Automatic ML Data Lineage Tracking

Track every transformation in your ML pipeline — from raw data to trained model — without changing a single line of code.

PyPI Python 3.8+ License: MIT Tests

The Problem

You run an ML pipeline. Months later, someone asks: "What transformations were applied to this data? Which rows were dropped? What columns were engineered?"

Existing tools (MLflow, DVC) require you to manually log everything or restructure your code around their framework. Most practitioners don't bother — and lineage is lost.

The Solution

import autolineage.auto  # ← Add this one line.
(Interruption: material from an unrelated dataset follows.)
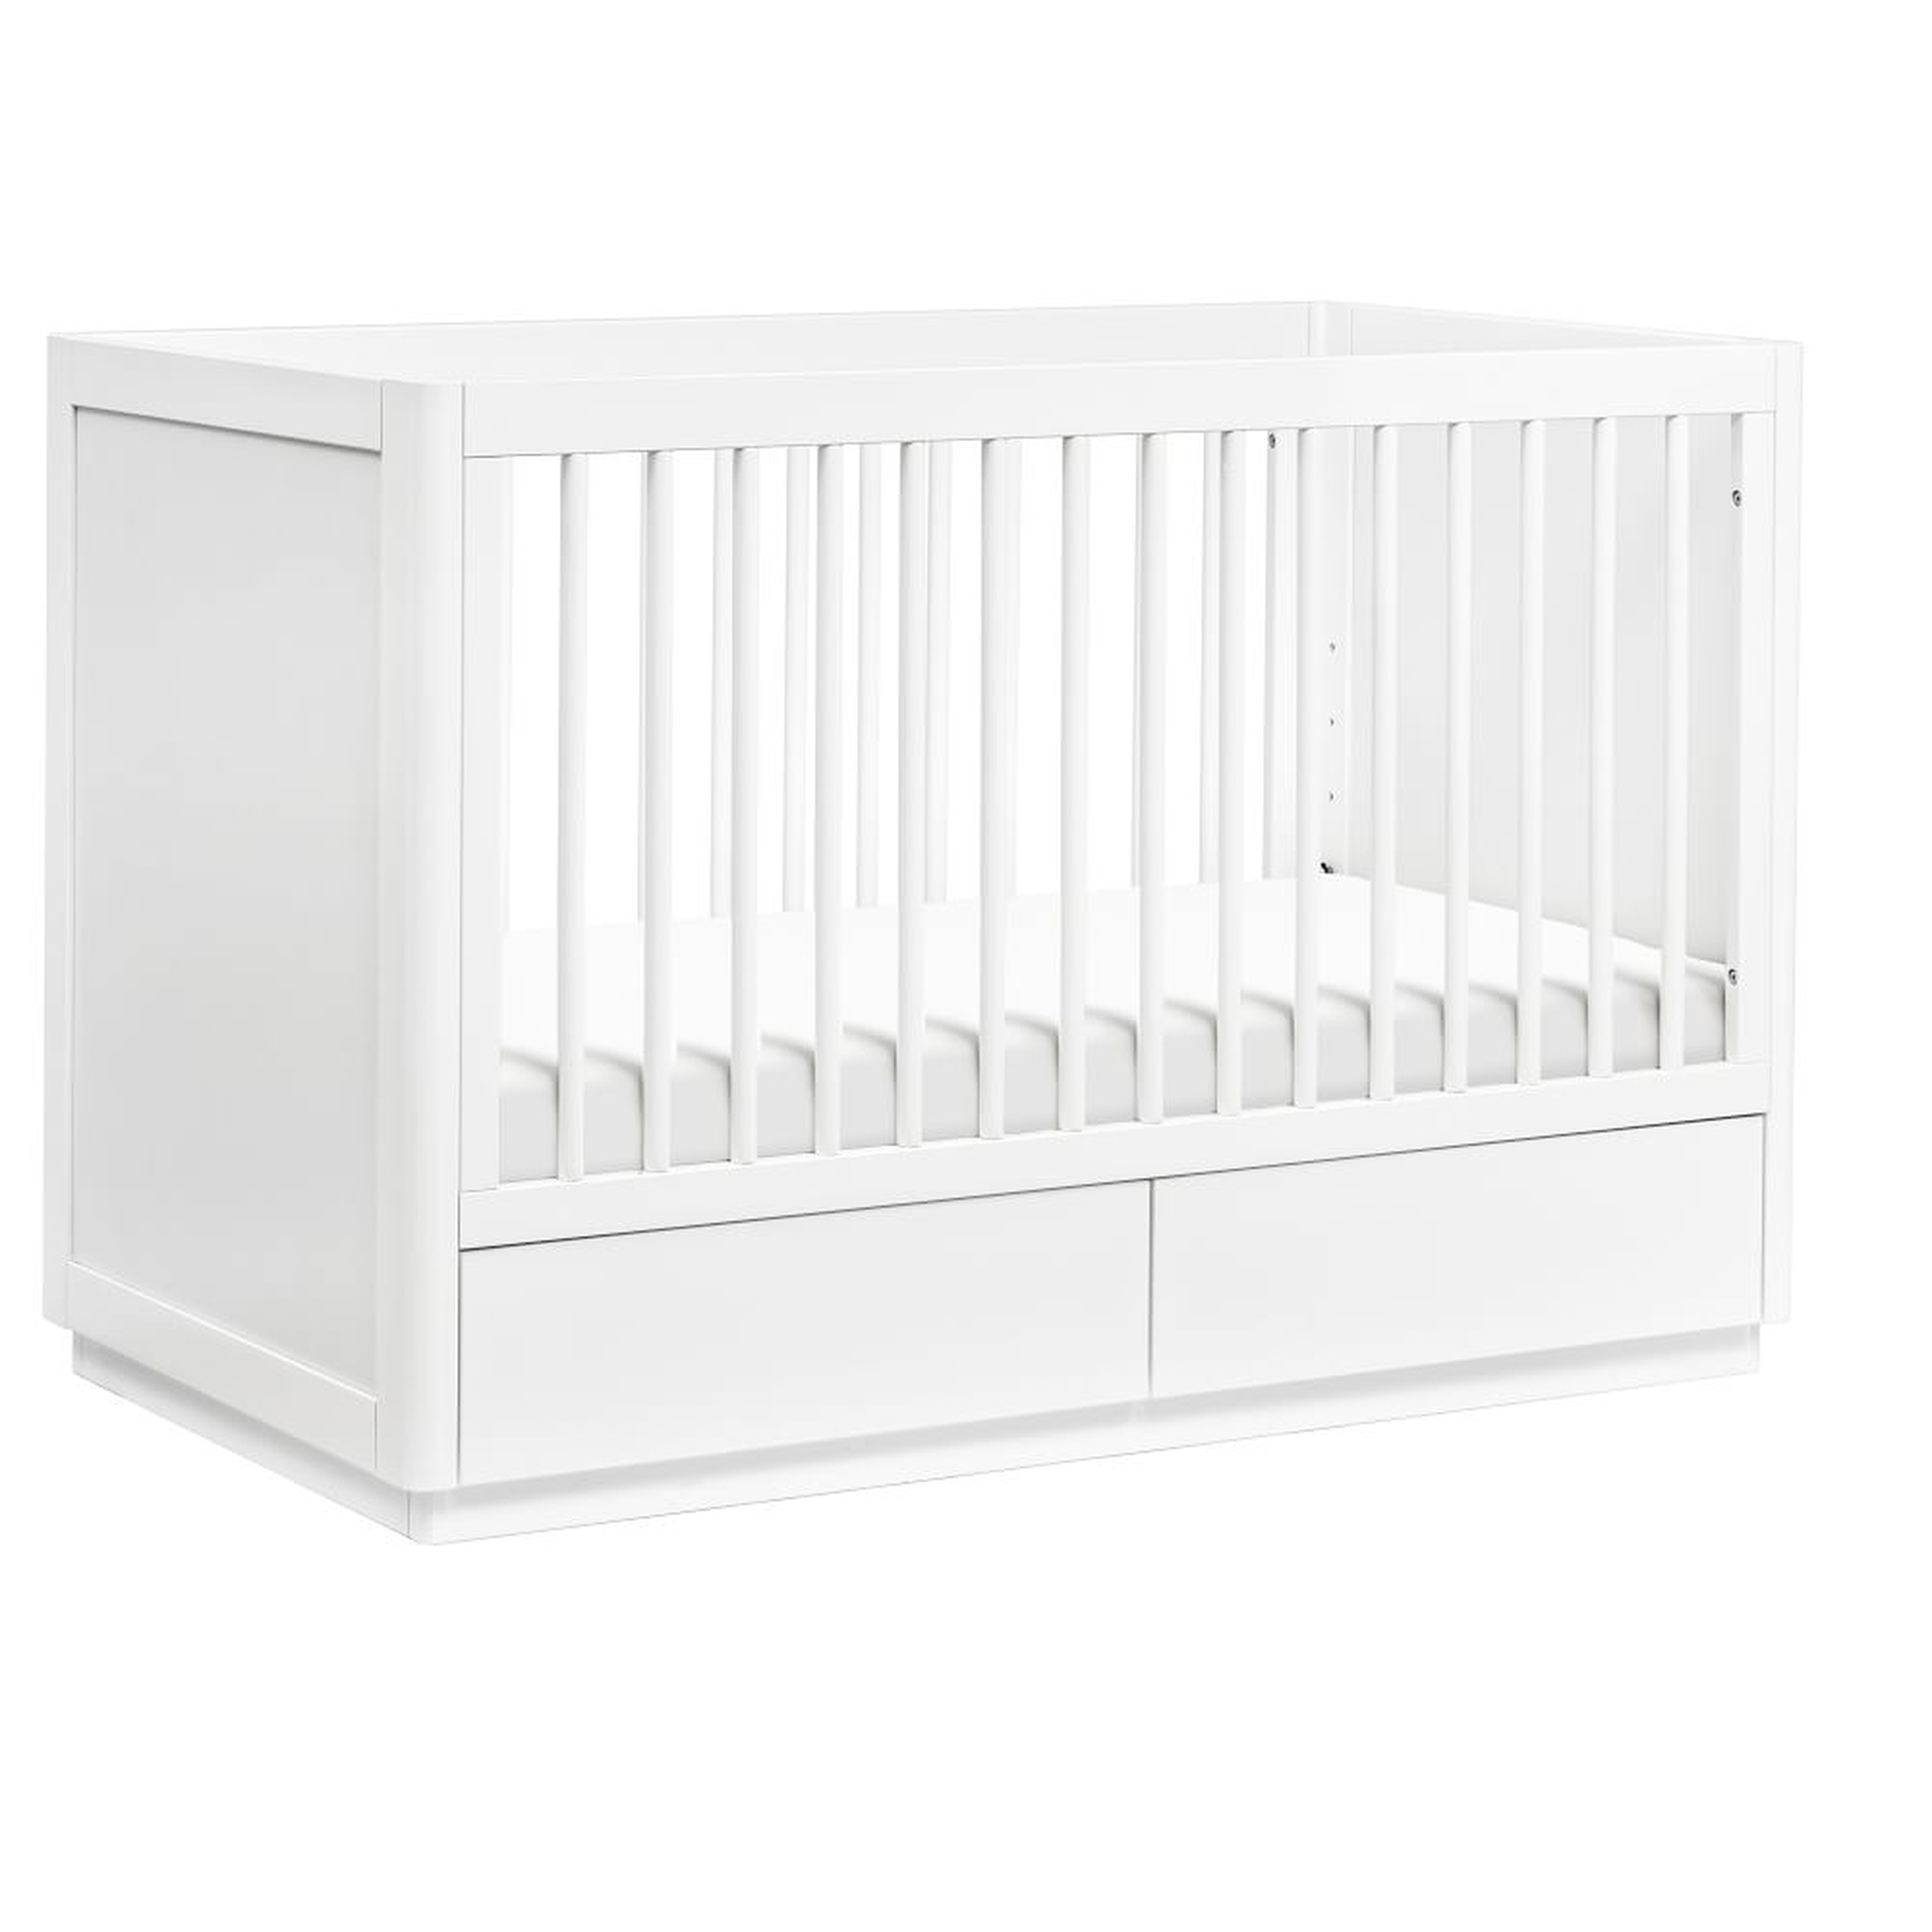 Bento 3-in-1 Convertible Storage Crib with Toddler Bed Conversion Kit, White, WE Kids - West Elm

That's it.

import pandas as pd

df = pd.read_csv("housing.csv")           # Tracked: file read, schema captured
df_clean = df.dropna()                      # Tracked: 207 rows removed
df_feat = df_clean.assign(                  # Tracked: 3 columns added
    rooms_per_house=lambda x: x["total_rooms"] / x["households"],
    bedrooms_ratio=lambda x: x["total_bedrooms"] / x["total_rooms"],
    log_income=lambda x: np.log1p(x["median_income"]),
)
df_feat.to_csv("features.csv")             # Tracked: file write, linked to lineage

Every operation is recorded automatically: what changed, how many rows/columns were affected, and the full parent-child chain from source to output.

Sample Output

Running the California Housing demo pipeline produces this lineage automatically:

  AUTOLINEAGE TRACKING SUMMARY
  ============================================================
  DataFrames tracked:    25+
  Transformations:       15+
  Rows filtered:         4,000+
  Column changes:        20+

  Operations breakdown:
    assign                        4x
    filter                        4x
    select_columns                2x
    dropna                        1x
    query                         1x

  COMPLETE DATA LINEAGE
  ============================================================
    1. dropna          [(20640, 10) → (20433, 10)]  rows:20640→20433
    2. query           [(20433, 10) → (20433, 10)]
    3. filter          [(20433, 10) → (16512, 10)]  rows:20433→16512
    4. assign          [(16512, 10) → (16512, 13)]  +cols:['bedrooms_per_room', 'population_per_household', 'rooms_per_household']
    5. assign          [(16512, 13) → (16512, 16)]  +cols:['log_income', 'log_population', 'log_total_rooms']
    6. assign          [(16512, 16) → (16512, 17)]  +cols:['lat_bin']
    7. assign          [(16512, 17) → (16512, 18)]  +cols:['age_category']
    8. select_columns  [(16512, 18) → (16512, 14)]  -cols:['age_category', 'lat_bin', 'median_house_value', 'ocean_proximity']
    9. select_columns  [(16512, 18) → (16512, 1)]
   10. filter          [(16512, 14) → (13255, 14)]  rows:16512→13255  (train split)
   11. filter          [(16512, 14) → (3257, 14)]   rows:16512→3257   (test split)
   12. assign          [(3257, 14) → (3257, 18)]    +cols:['abs_error', 'actual', 'predicted', 'residual']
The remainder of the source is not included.